ギルバートはゲイルの話を聞いて驚くことはなかった。


こういった話しはよくあるからだ。


ただ、そんな状況からどうやってエニシダ嬢が助け出したのかは想像がつかず、その答えが知りたくなった。


「エニシダ様がローリエの薬を私たちに与えてくださったのがきっかけです。どうやって作ったのかはわかりません。ただ、私たちの想像を遥かに超えるほど大変だったと思います」


ゲイルは当時のことを思い出し、胸が熱くなっていく。


「貴族の令嬢、それもまだ子供だった子の手が傷だらけになることなんて普通なら有り得ないことです。それを、彼女は何年も続けてきました」


イフェイオンはエニシダの手を思い出した。


彼女の手は傷一つない貴族の手をしていた。


伯爵や夫人の性格を考えれば、彼女に薬を使うことなどしないはずだ。


彼女は薬の効能を知るために自分の手を最初に実験台にしたのだろう。


エニシダならそうすると思った。


薬の調合が上手くいき、領民に彼女はそれを渡し助けた。


だが、領民を助けるために作った薬は伯爵に知られ奪われた。


聡明なエニシダがローリエの薬を一人で作ったというのも、伯爵の他人のものを奪ってその地位についたというのも納得できた。

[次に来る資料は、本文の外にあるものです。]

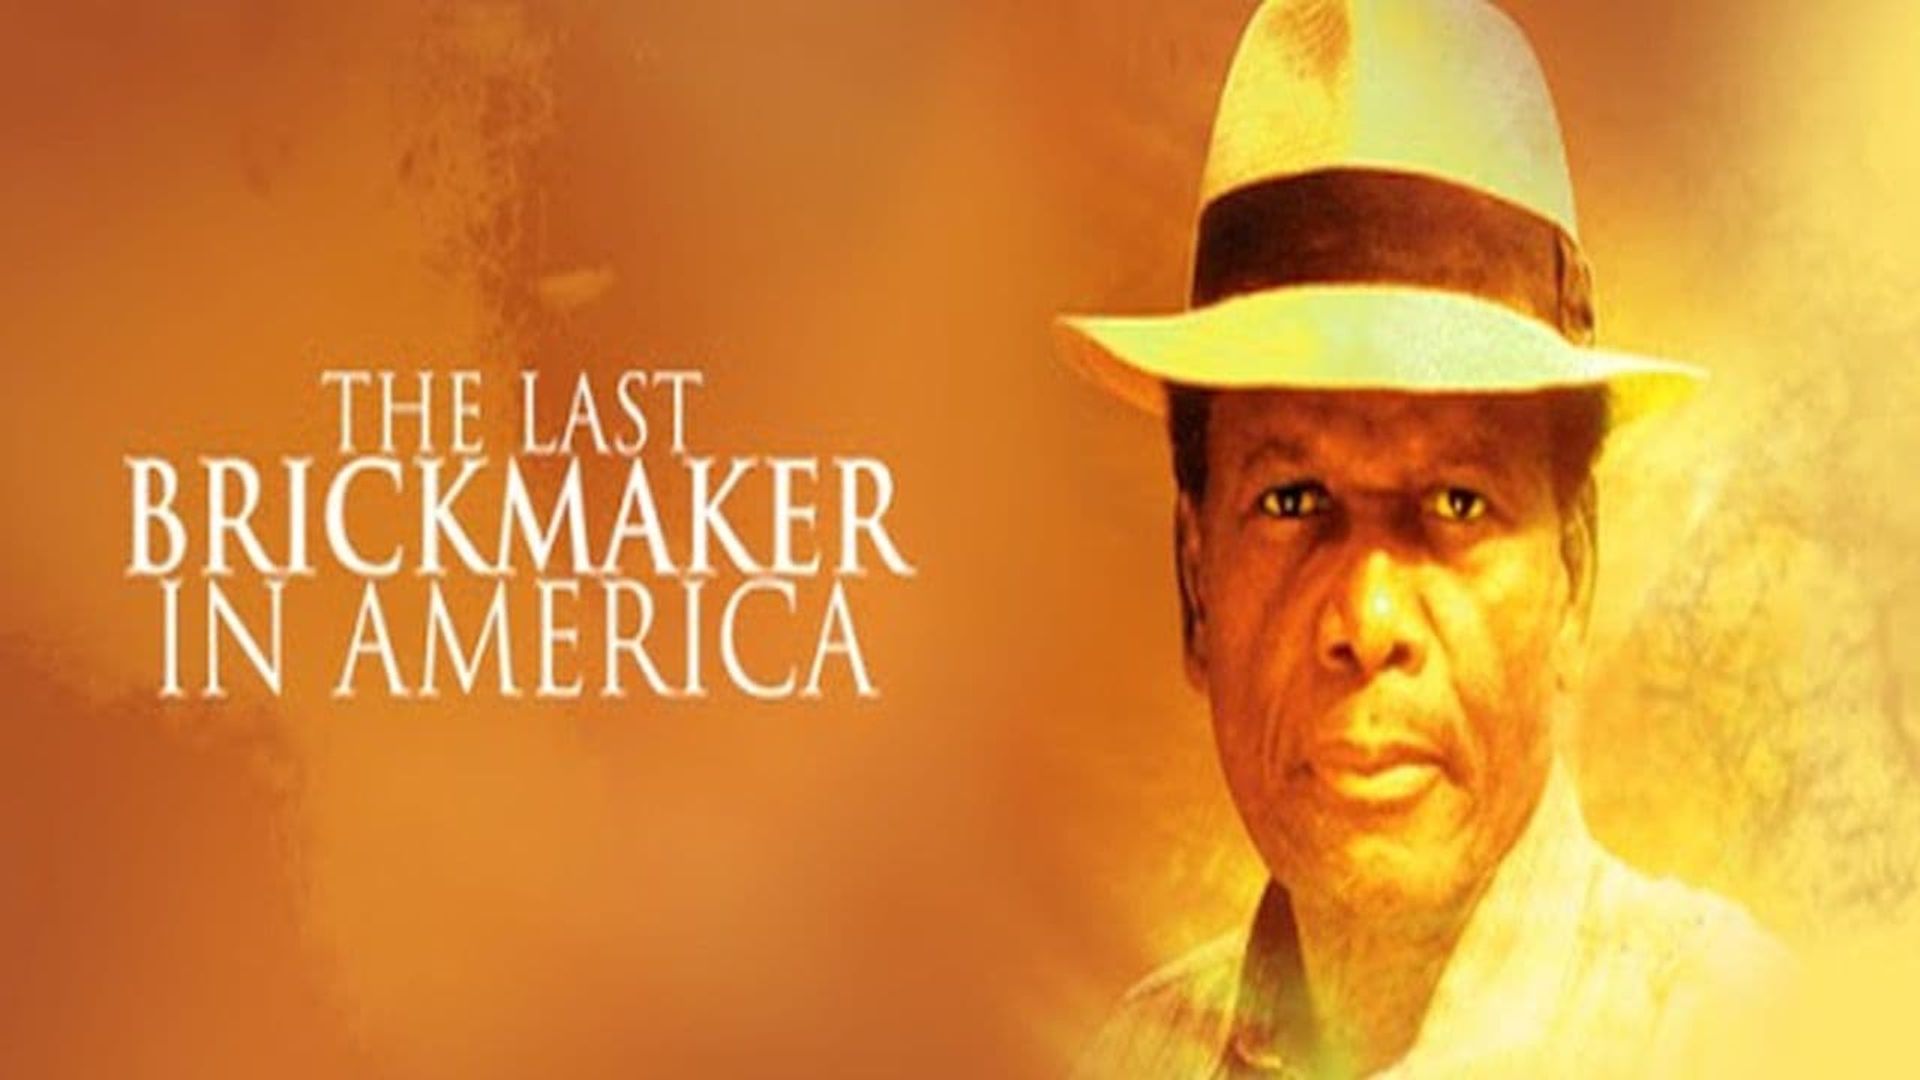 The Last Brickmaker in America Backdrop

「そのお陰で私たちは助かりました。伯爵がローリエを販売し、その利益が莫大だとわかるや否、私たちは人として普通の生活ができるようになりました。彼女は私たちにとって恩人なんです」


そこまで言うとゲイルは息を吐き、真っ直ぐイフェイオンを見た。


平民が貴族を見ることは不敬だとして、殴られても文句は言えない。


相手が「戦神」として恐れられるほど強いイフェイオンなら、一発殴られただけでも死ぬかもしれない。


例え、そうだとしてもゲイルは彼の目を見ながら尋ねたかった。


「私たちはエニシダ様を助けたいと思っていましたが、誰も助けることはできませんでした。せめて、できたことは伯爵の劣等感を少しでも満たし、エニシダ様に危害を加えないようにすることでした。それが、恩人であるエニシダ様を否定する最低な方法だとしてもです」


それしか力のない自分たちにはできることがなかった、と辛そうな表情でゲイルは言った。


ギルバートはその方法が何か聞かなくてもわかった。


伯爵の功績とゲイルの話しを聞いていれば簡単に推測できた。


エニシダ嬢を守るためとはいえ、ローリエの薬をくれたと嘘を吐く伯爵に感謝をしているようにみせたのだろう。


彼らにとっても苦渋の決断だったはずだ。


「だからこそ、私たちは決めていたのです。もし、エニシダ様の力になれることならなんでもする、と」


その言葉を聞いて、ギルバートはようやく彼が何故ローリエの話しをしたのかがわかった。


彼はこの話をすることで意思表示をしたのだ。


例え何をされたとしても、エニシダ嬢が望まないことは何も話さないと。